This is the essence of blacklisting:
A man is no longer considered.
His name is quietly removed from recommendation.
His calls or texts go unanswered.
His ministry is treated as irrelevant.
His presence is avoided or regarded with suspicion.
His future among those brethren dries up without explanation.
Blacklisting is not a biblical safeguard—it is a fleshly mechanism of control, a way to maintain power through relational pressure rather than through truth, Scripture, or legitimate spiritual authority.

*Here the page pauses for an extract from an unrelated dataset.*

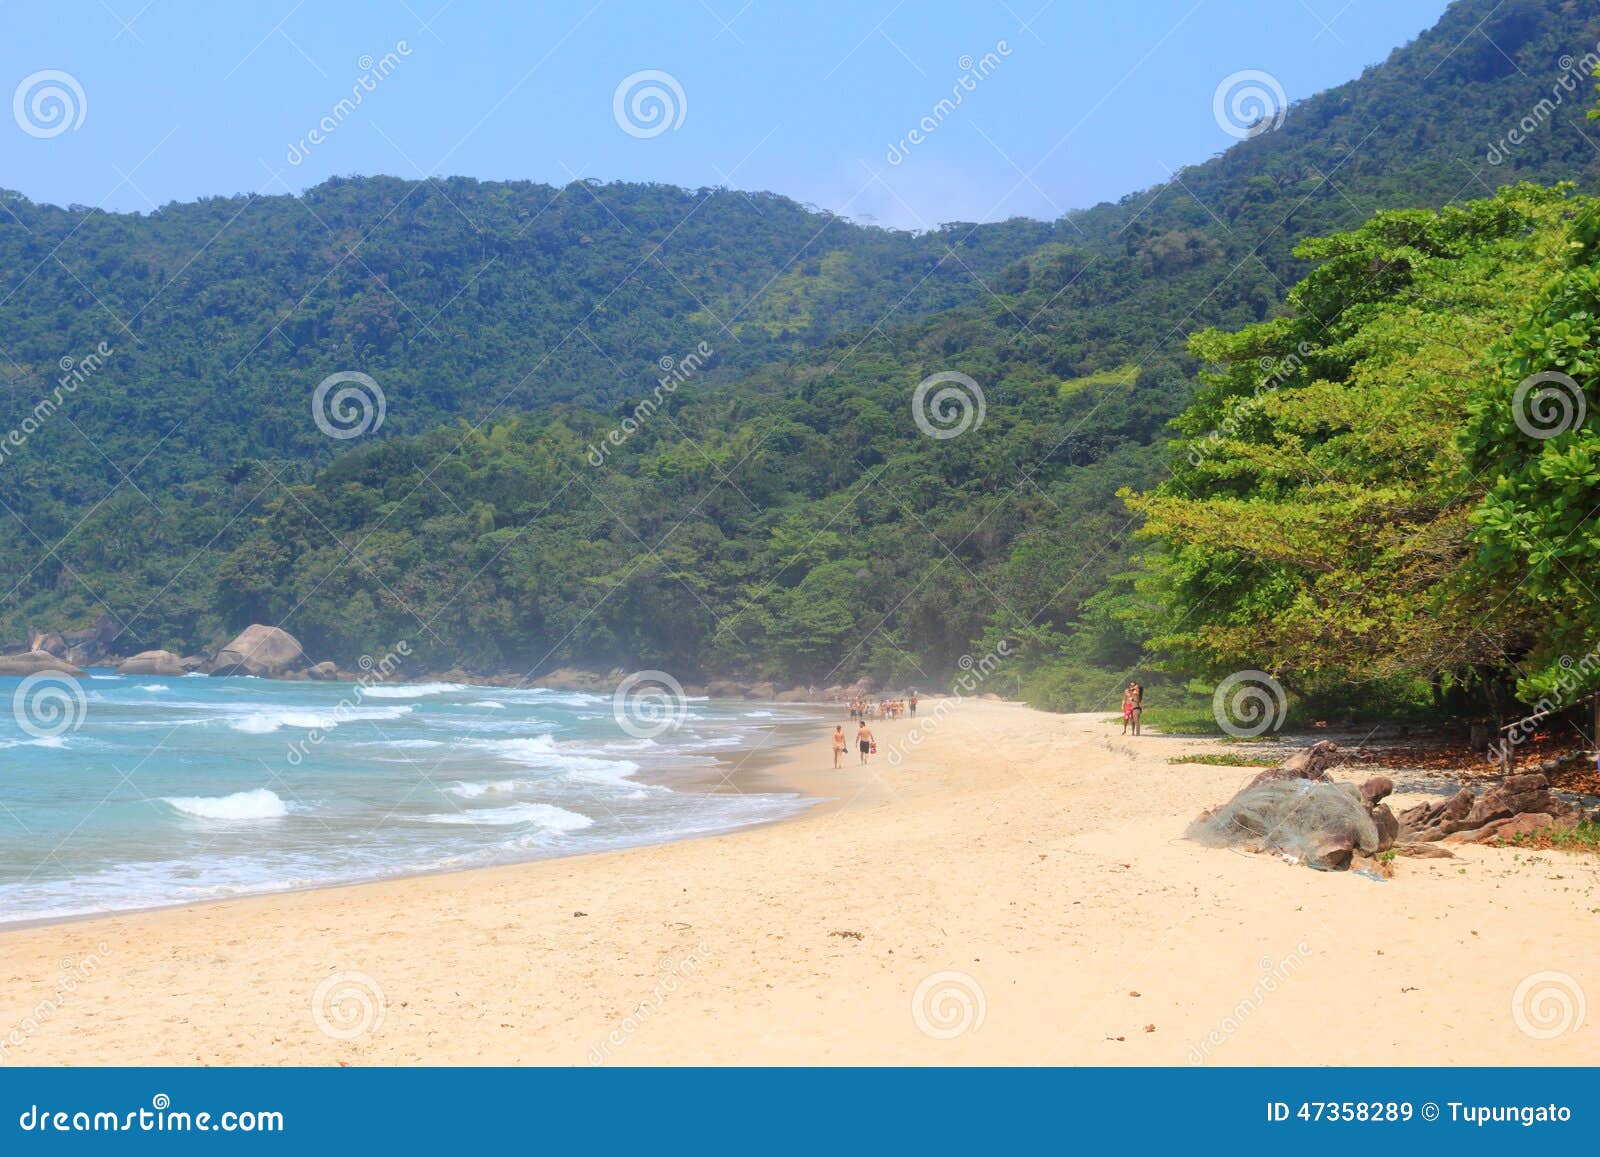 trindade beach, brazil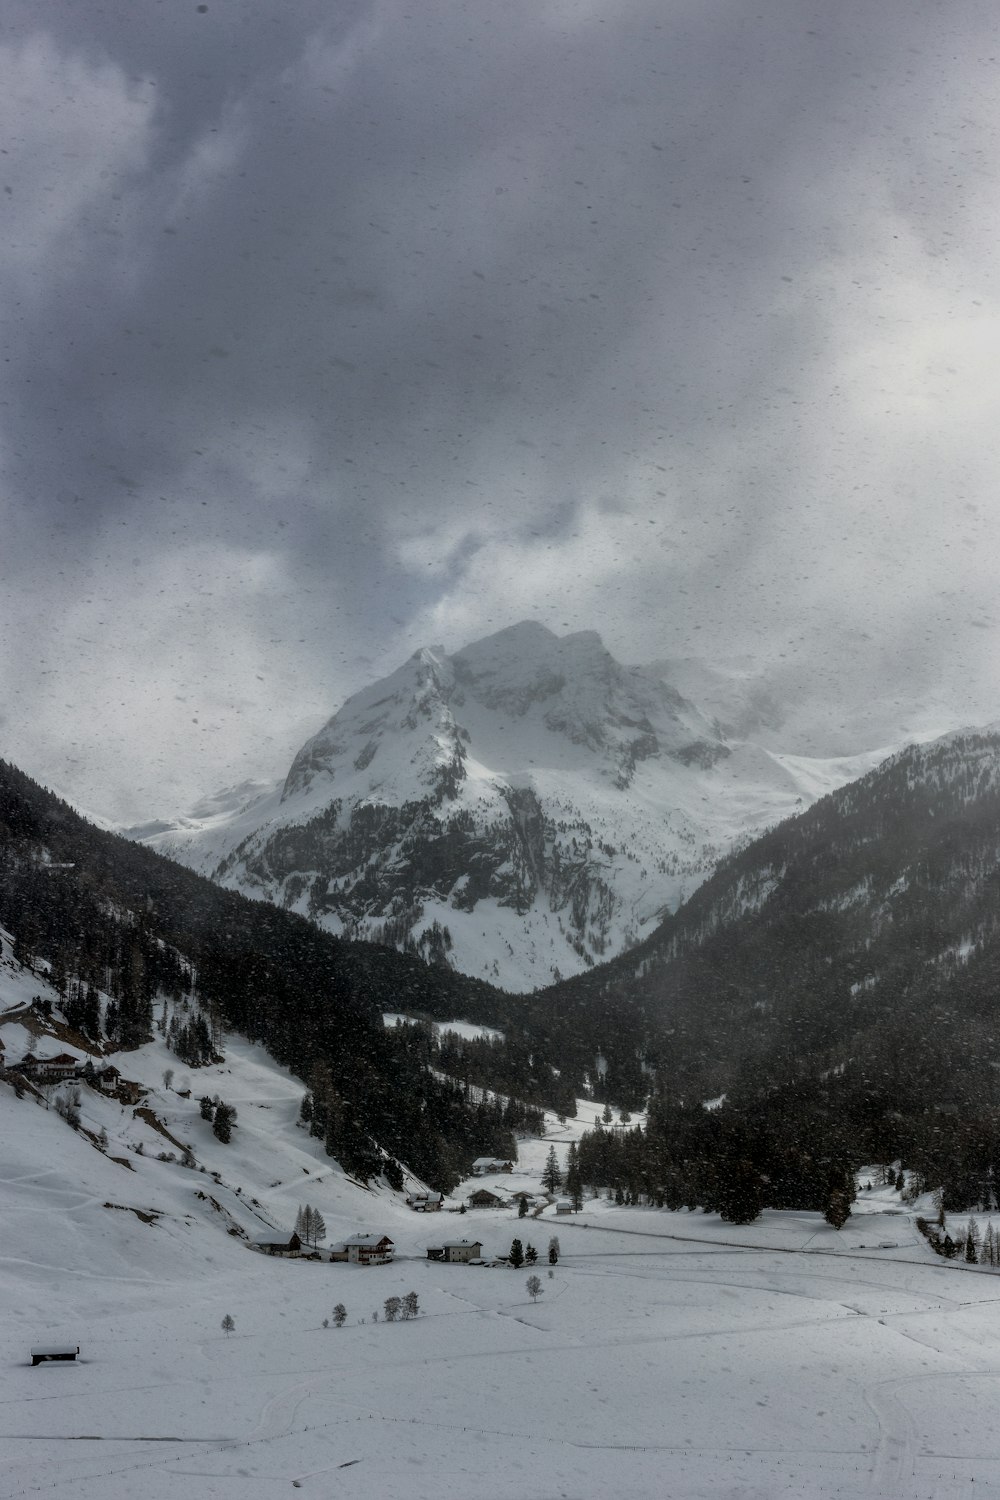 Escala de grises de la montaña alpina cubierta por nubes oscuras

The early church corrected sin openly, restored repentant brothers warmly, and handled conflicts in the light—never in the shadows. Blacklisting takes place in the shadows, where reputations can be harmed without evidence, without witnesses, and without biblical process.
And because it is unspoken, it is almost impossible to confront—until the damage is already done
A Small World With a Long Shadow: The Network-Wide Effect of Blacklisting
Independent Baptist circles form a surprisingly small ecosystem. Social media makes it painfully clear: everyone knows everyone, and the informal networks of influence are tightly interlocked. In such a world, blacklisting does not stay local. One leader’s coolness toward a pastor or evangelist often ripples outward into region-wide and sometimes nationwide marginalization.
Notice a few opening remarks about this matter. This blacklist culture is...
A Culture Foreign to the New Testament Church
The early church was not free from conflict—far from it. But it handled conflict biblically, not politically.
Paul confronted Peter publicly—yet still called him a brother (Gal. 2:11–14; 2 Pet. 3:15).
Barnabas disagreed sharply with Paul, but the disagreement did not result in a “don’t use Barnabas” whisper campaign (Acts 15:36–41).
The Jerusalem Council listened, reasoned, and responded as shepherds, not as gatekeepers (Acts 15:1–29).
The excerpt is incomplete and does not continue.